(Information supplied):
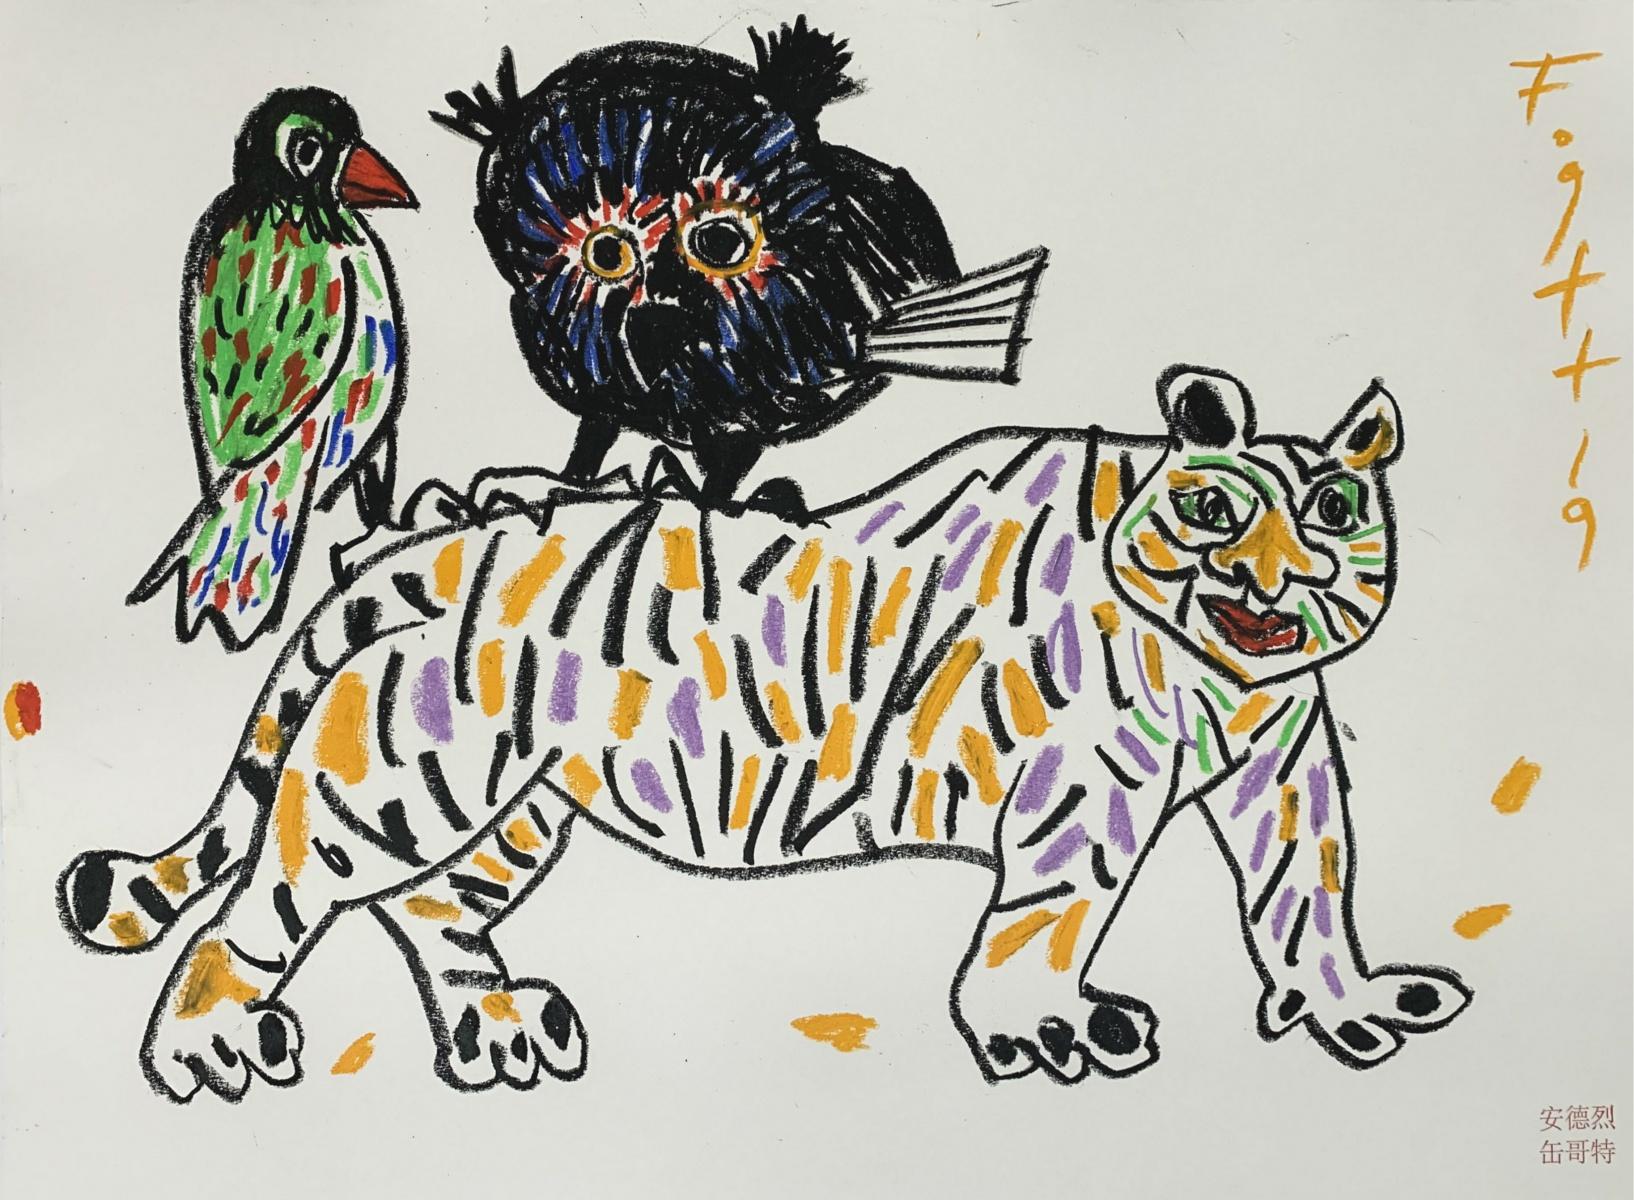 Tiger, Eule, ... - Polnische Masterly Of Art, Pastell, Tiere, Chinesisches Zodiac Zeichen
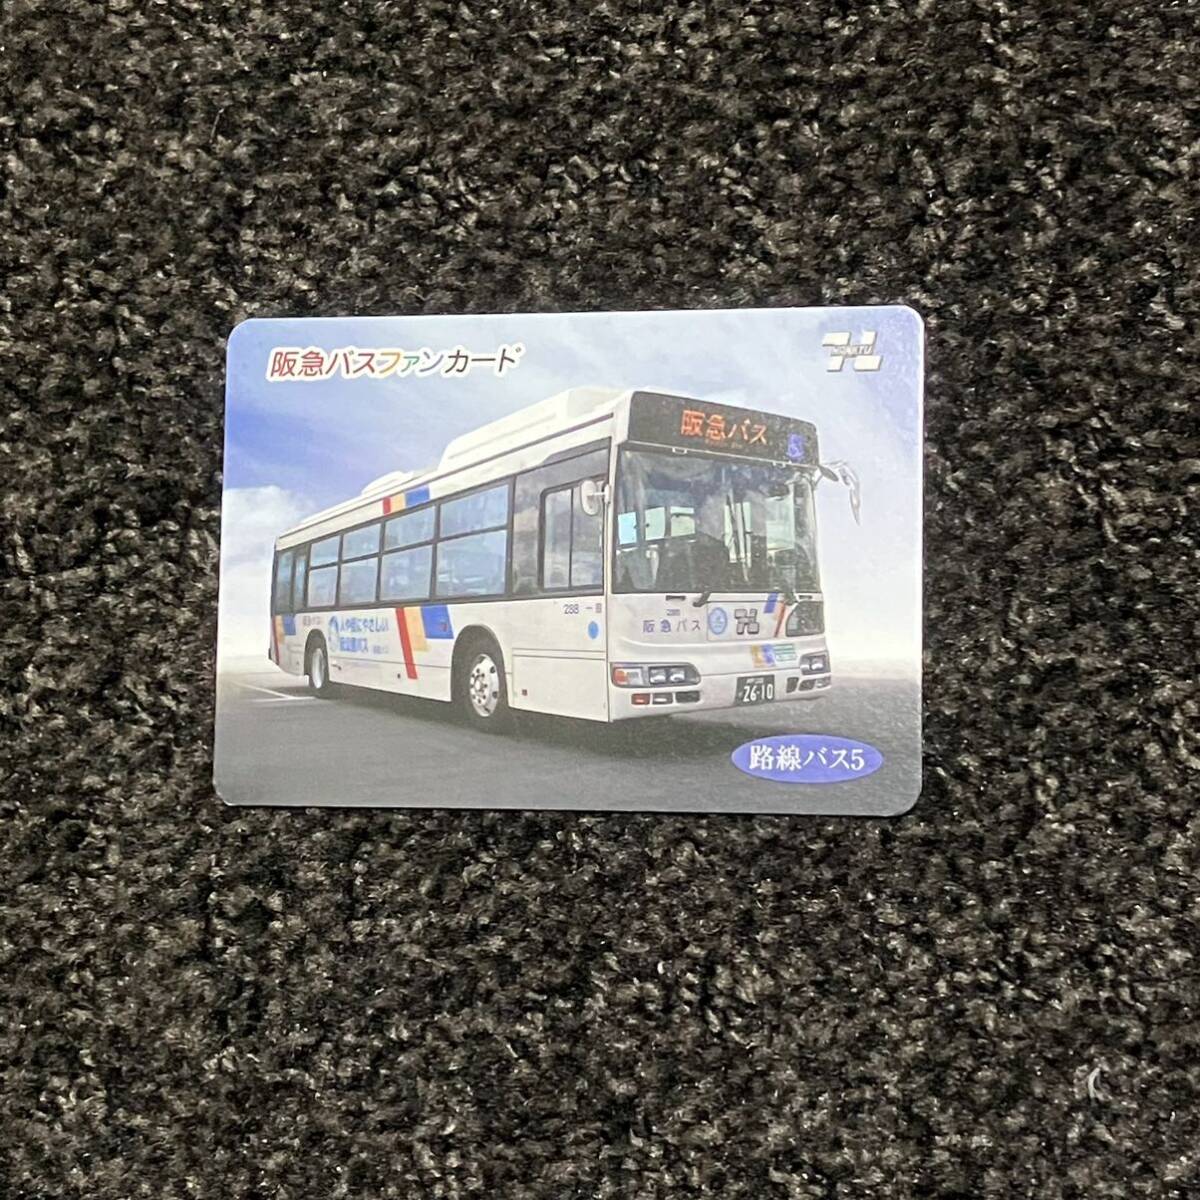  память bus card ④
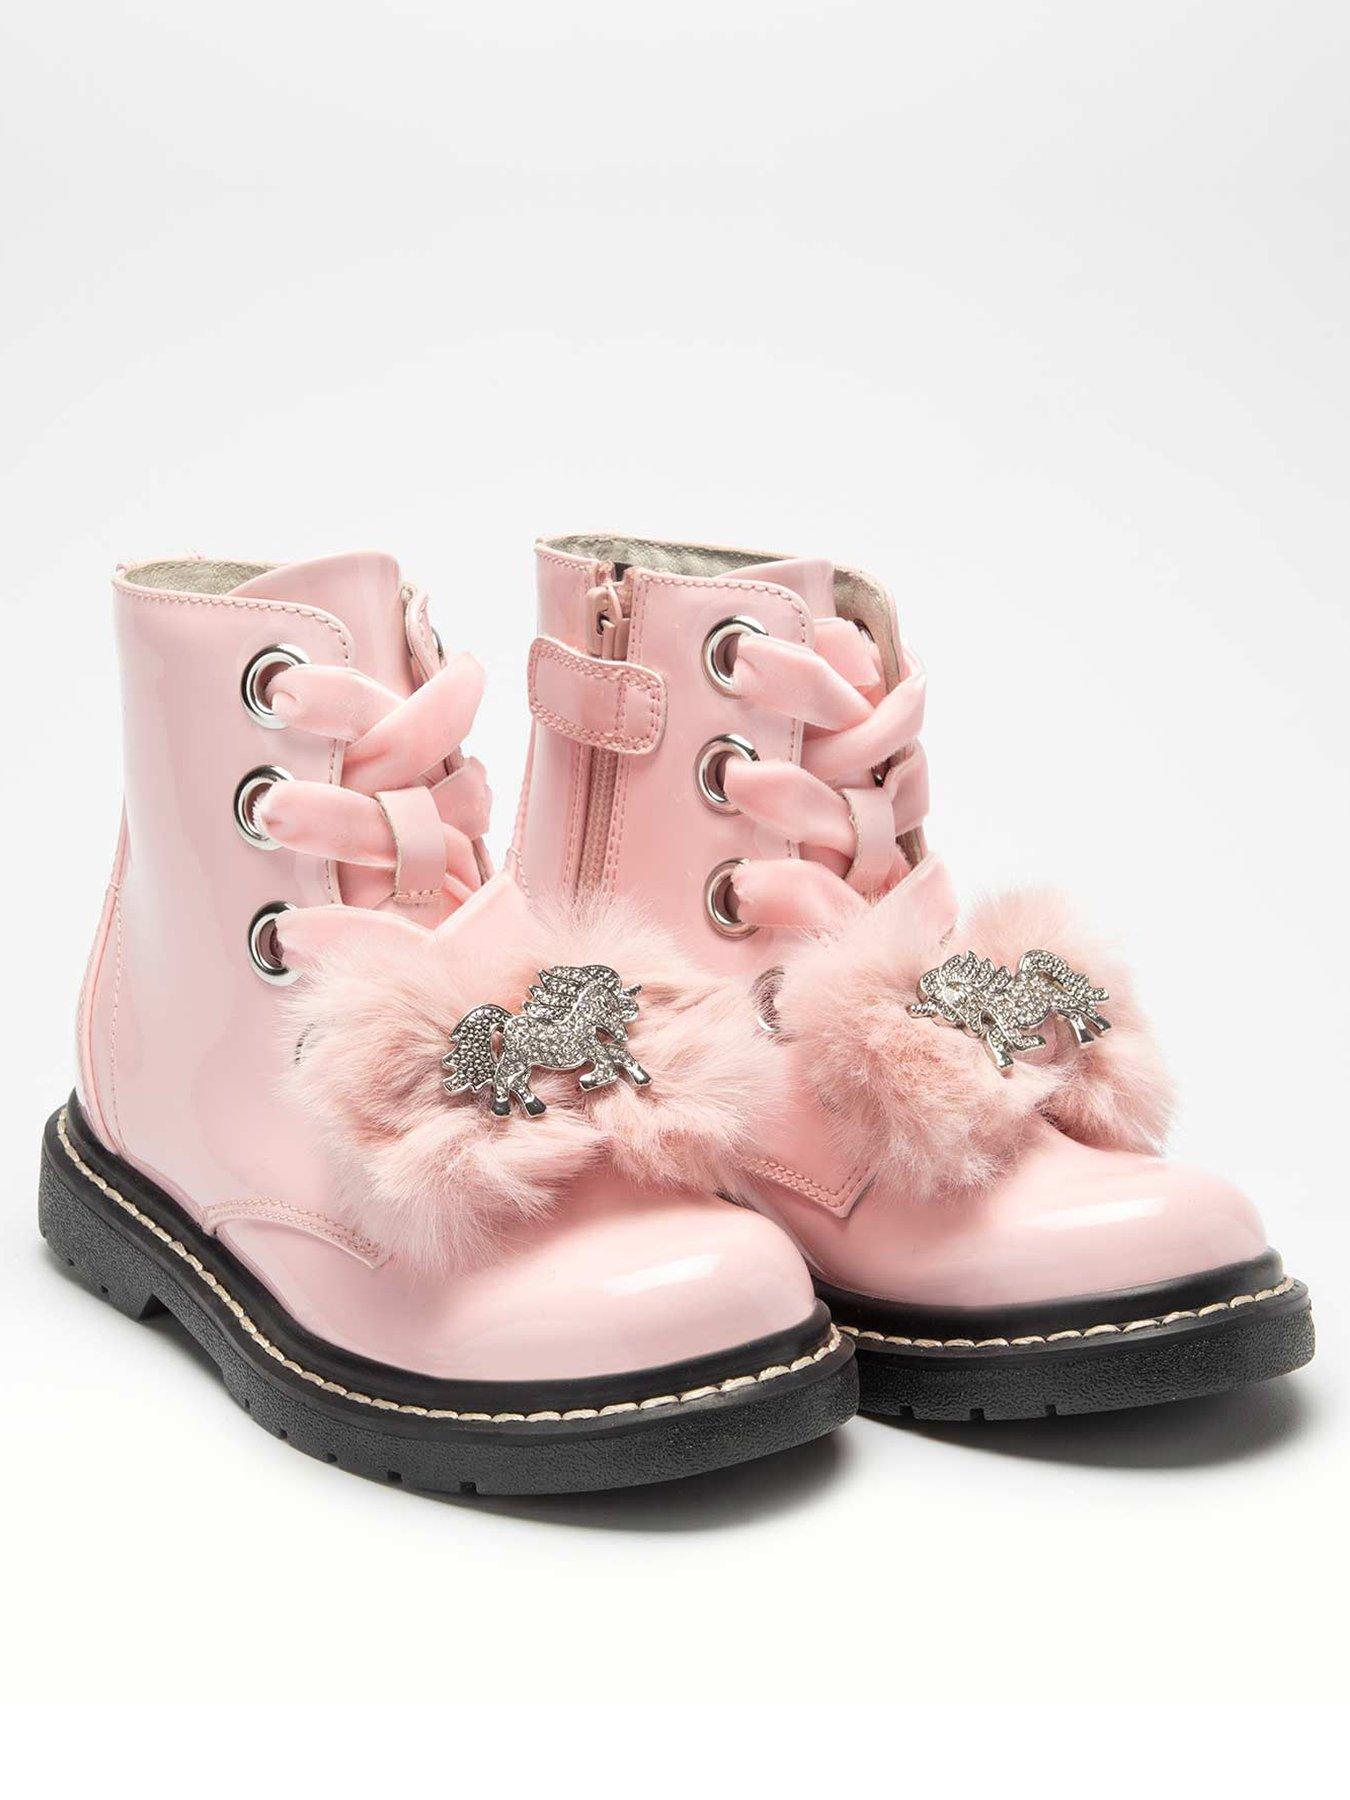 Girls Boots | Girls Shoes | Littlewoods.com
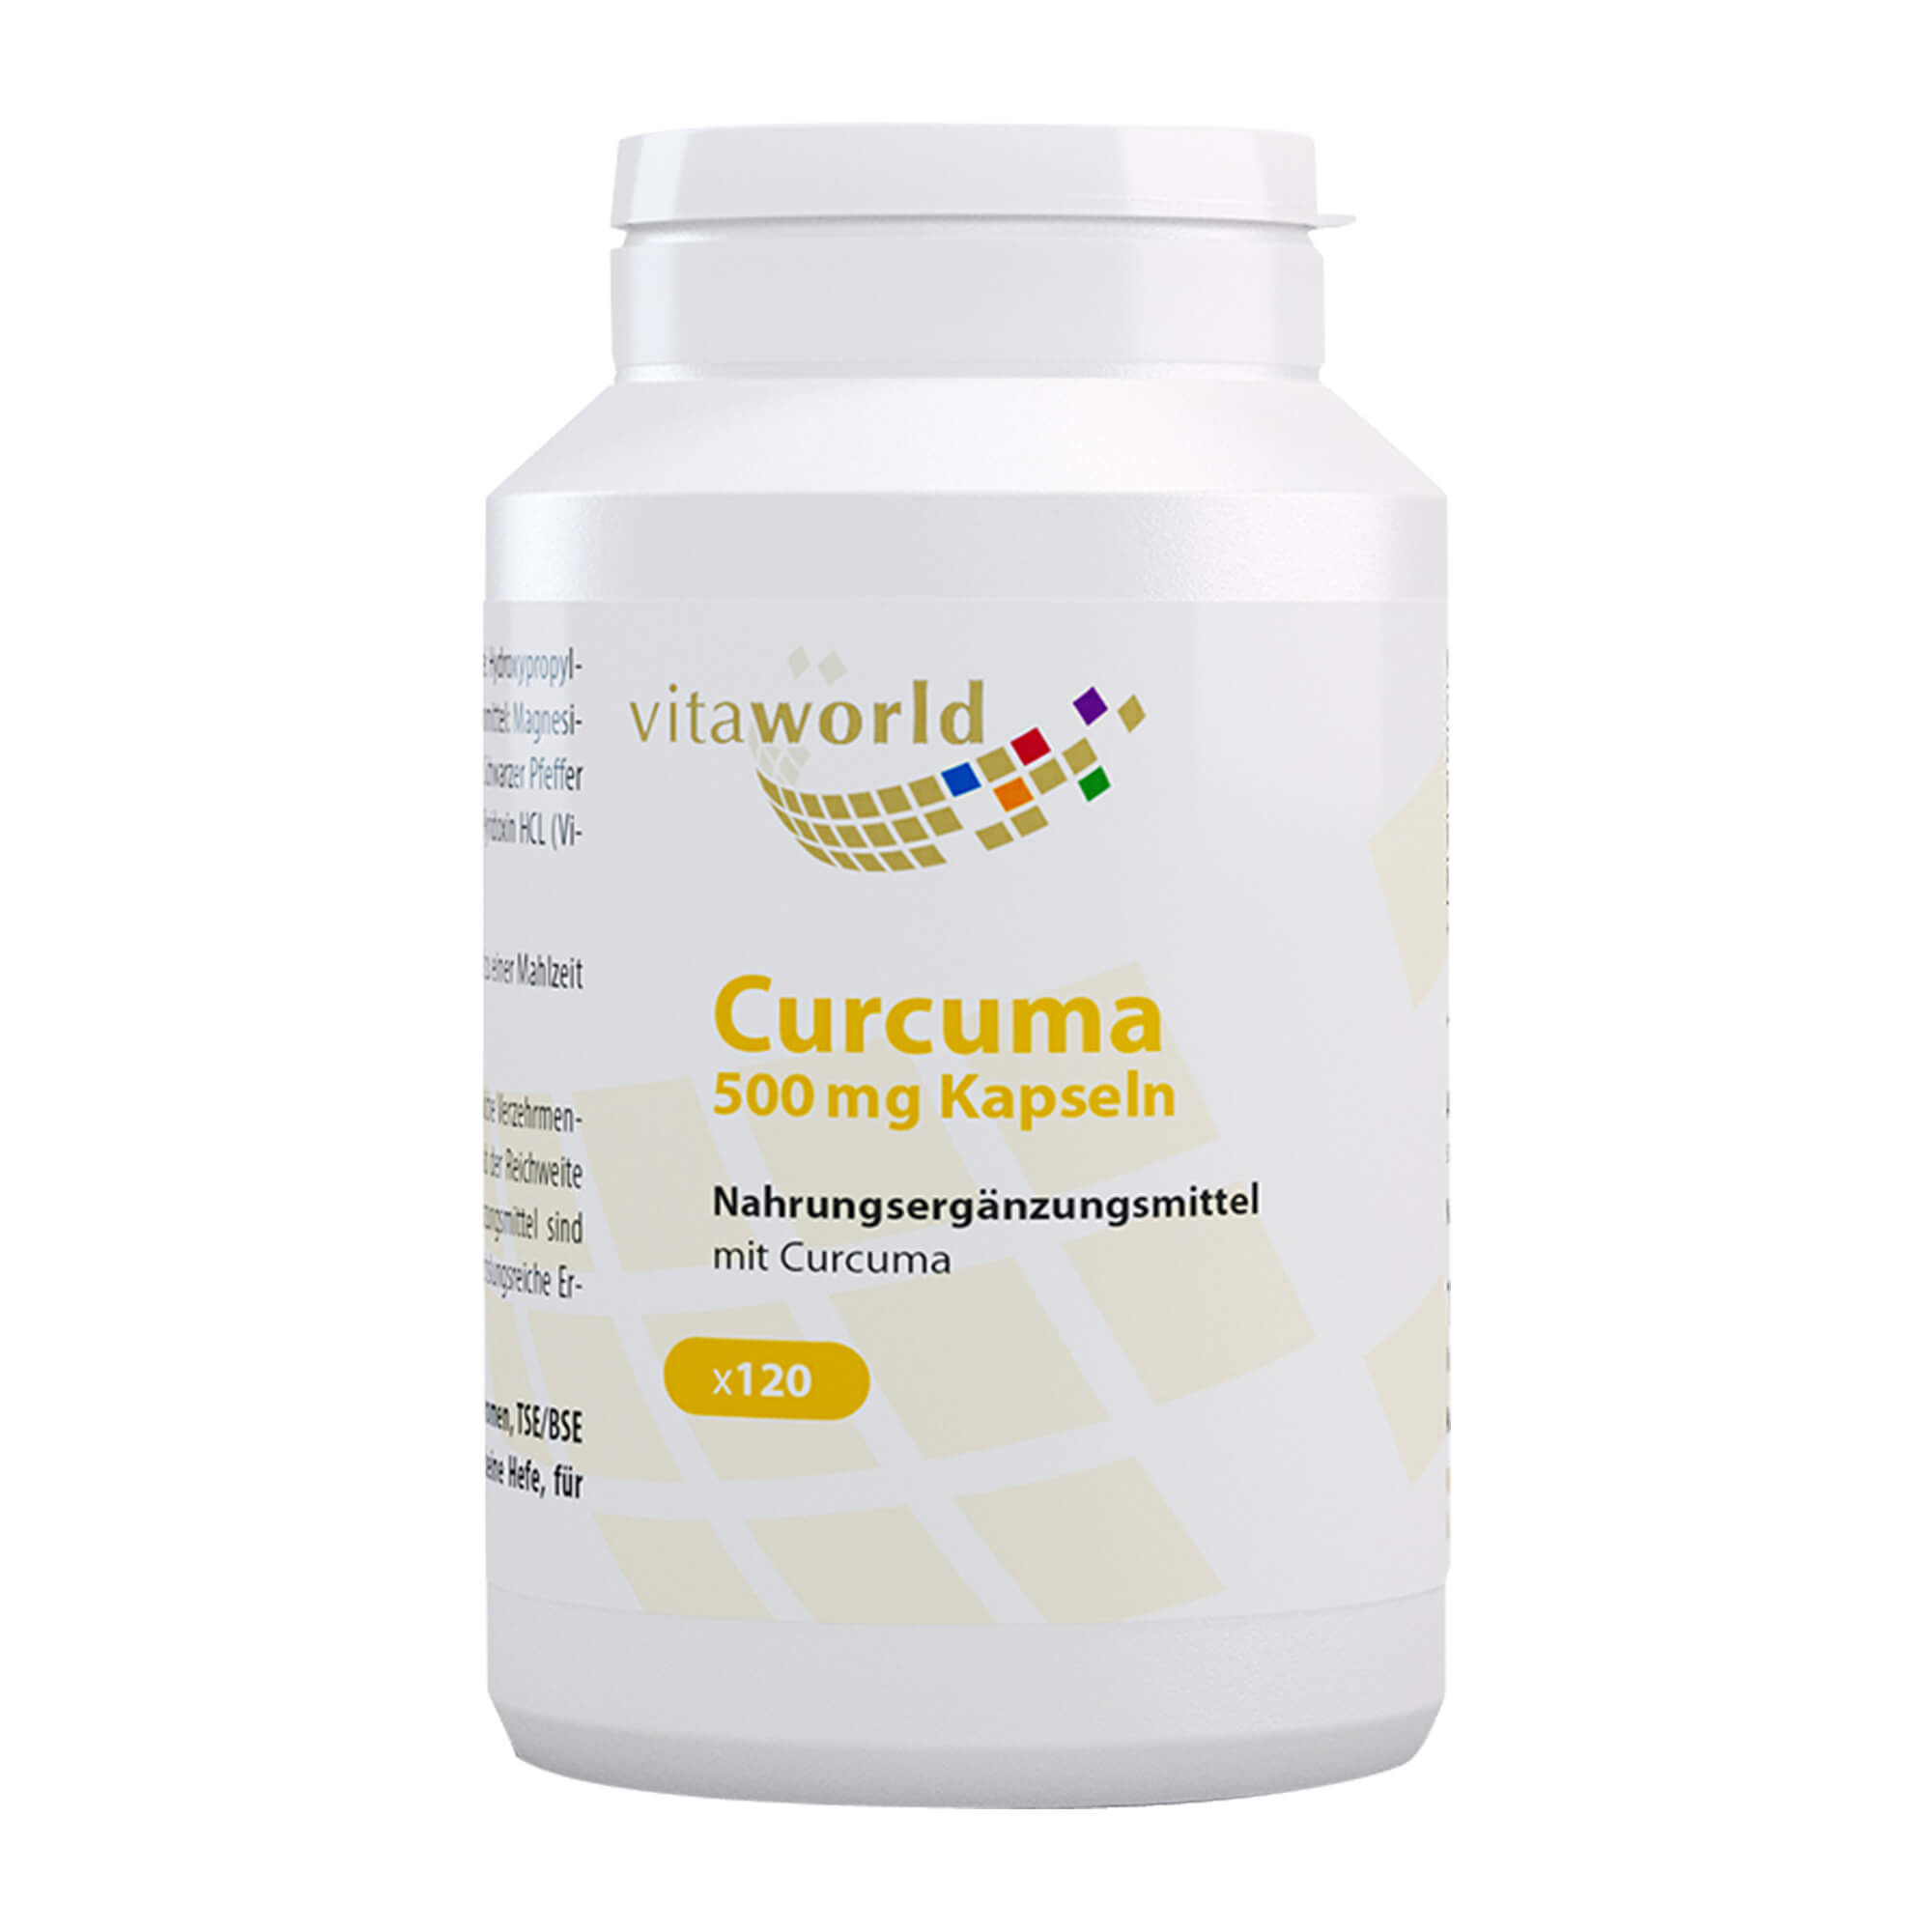 Nahrungsergänzungsmittel mit Curcuma.

(What you need to do): Retype all the material word for word while skipping any picture it contains.

(Solution to this task):
 Tiger, Eule, ... - Polnische Masterly Of Art, Pastell, Tiere, Chinesisches Zodiac Zeichen
  память bus card ④
 Girls Boots | Girls Shoes | Littlewoods.com
 Nahrungsergänzungsmittel mit Curcuma.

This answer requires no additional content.